The big issue for the premium players is that car firms face tough tailpipe CO2 emissions in Europe and the premium players in particular rely on diesels to help them meet the targets. Fewer diesel sales will mean higher fines, more discounting of cars, lower resale values and the need to invest in new technologies like hybrids and battery electric cars.

In other words, they will face a financial hit.

Other auto firms vary in their progress towards lower CO2 emissions. Some seem roughly on course to hit new targets whereas others will need to accelerate a shift towards mild hybrids, plug-in hybrids (PHEVs), and battery electric vehicles (BEVs).

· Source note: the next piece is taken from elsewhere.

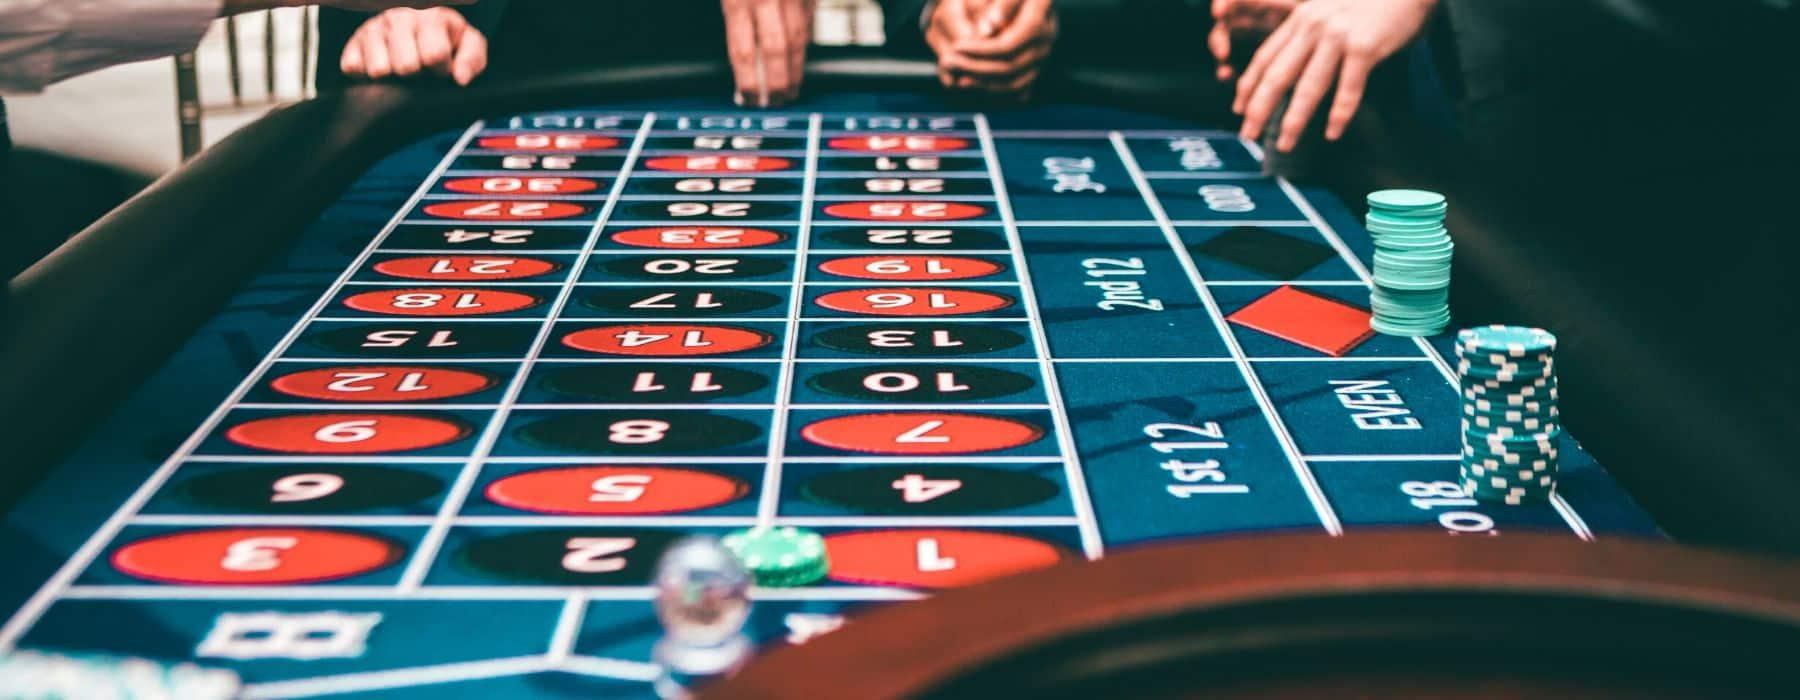 ANIMATION table de casino
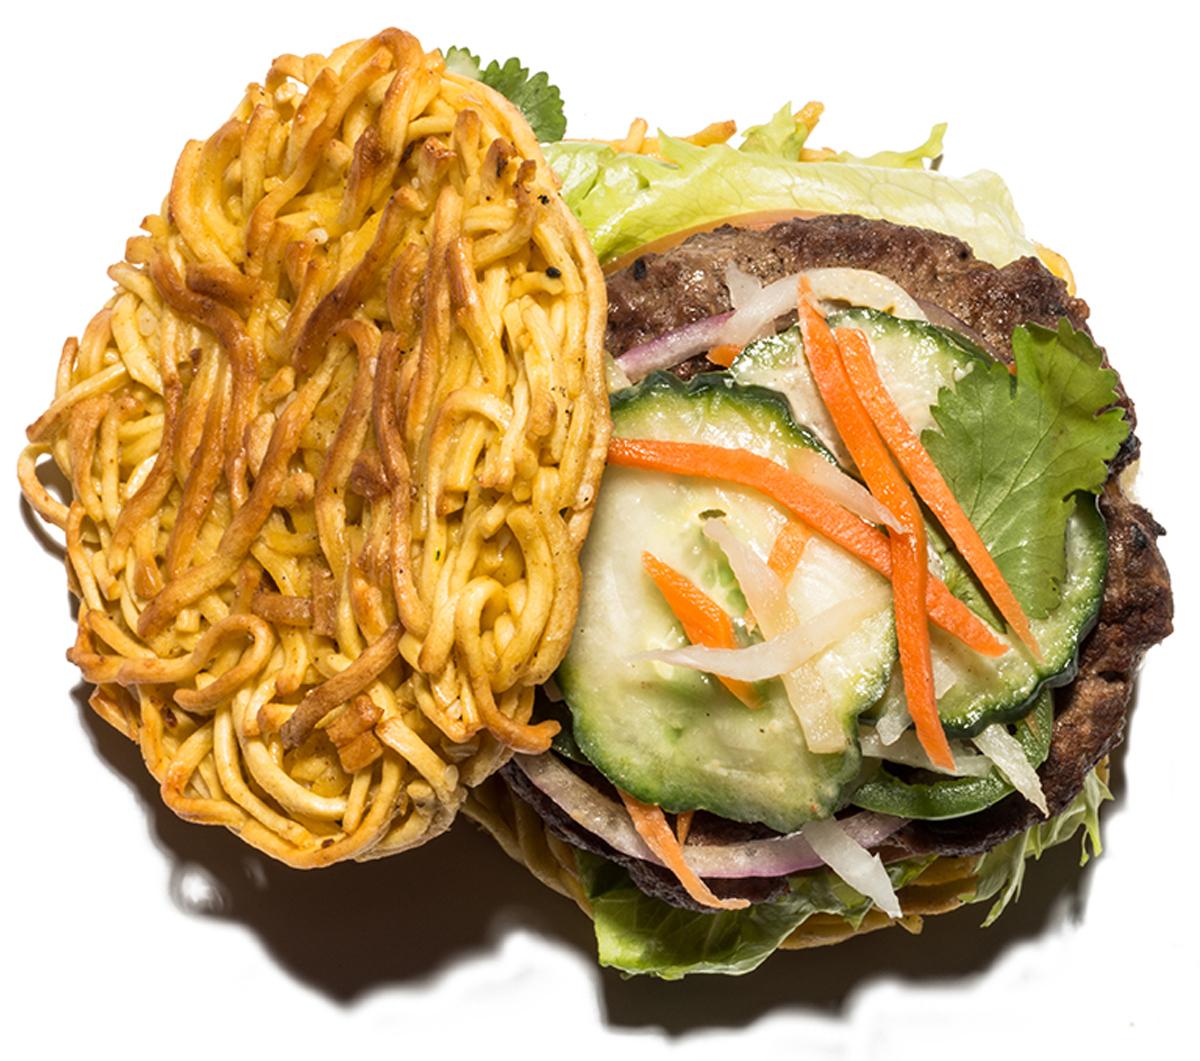 Ramen banh mi burger from Ki Bistro/All Photos by Toan Trinh

One mass market firm that seems at risk is Fiat Chrysler – analysts think it will need to accelerate its emissions reductions. Interestingly, it has said that it will drop diesels from 2022.

Meanwhile, what’s termed ‘RDE’ – real world driving conditions – regulation for diesel cars is already under way, with a new phase of RDE regulation from 2021 anyway likely to further shift corporate and fleet sales away from diesels given the need for more expensive technology to meet stricter regulations.

So as to minimise fines, the industry - even the premium players - will shift more towards plug-in hybrids, battery electric vehicles (think of the new Jaguar i-pace), and what’s seen as something of a short-term lifeline, namely 48 volt mild hybrid petrols that will become mainstream. The latter can improve fuel efficiency by 10-20% at relatively low cost (under €1000 per car).

But shifting towards electrics and plug-in electrics will require a bigger effort on charging infrastructure, and continued government subsidies in the short term before falling battery prices and extended range mean that BEVs start to out-compete traditional international combustion engined cars in the early to mid 2020s.

Add in a shift to connected and autonomous cars, and the industry is facing the biggest transformation in its history over the next few decades.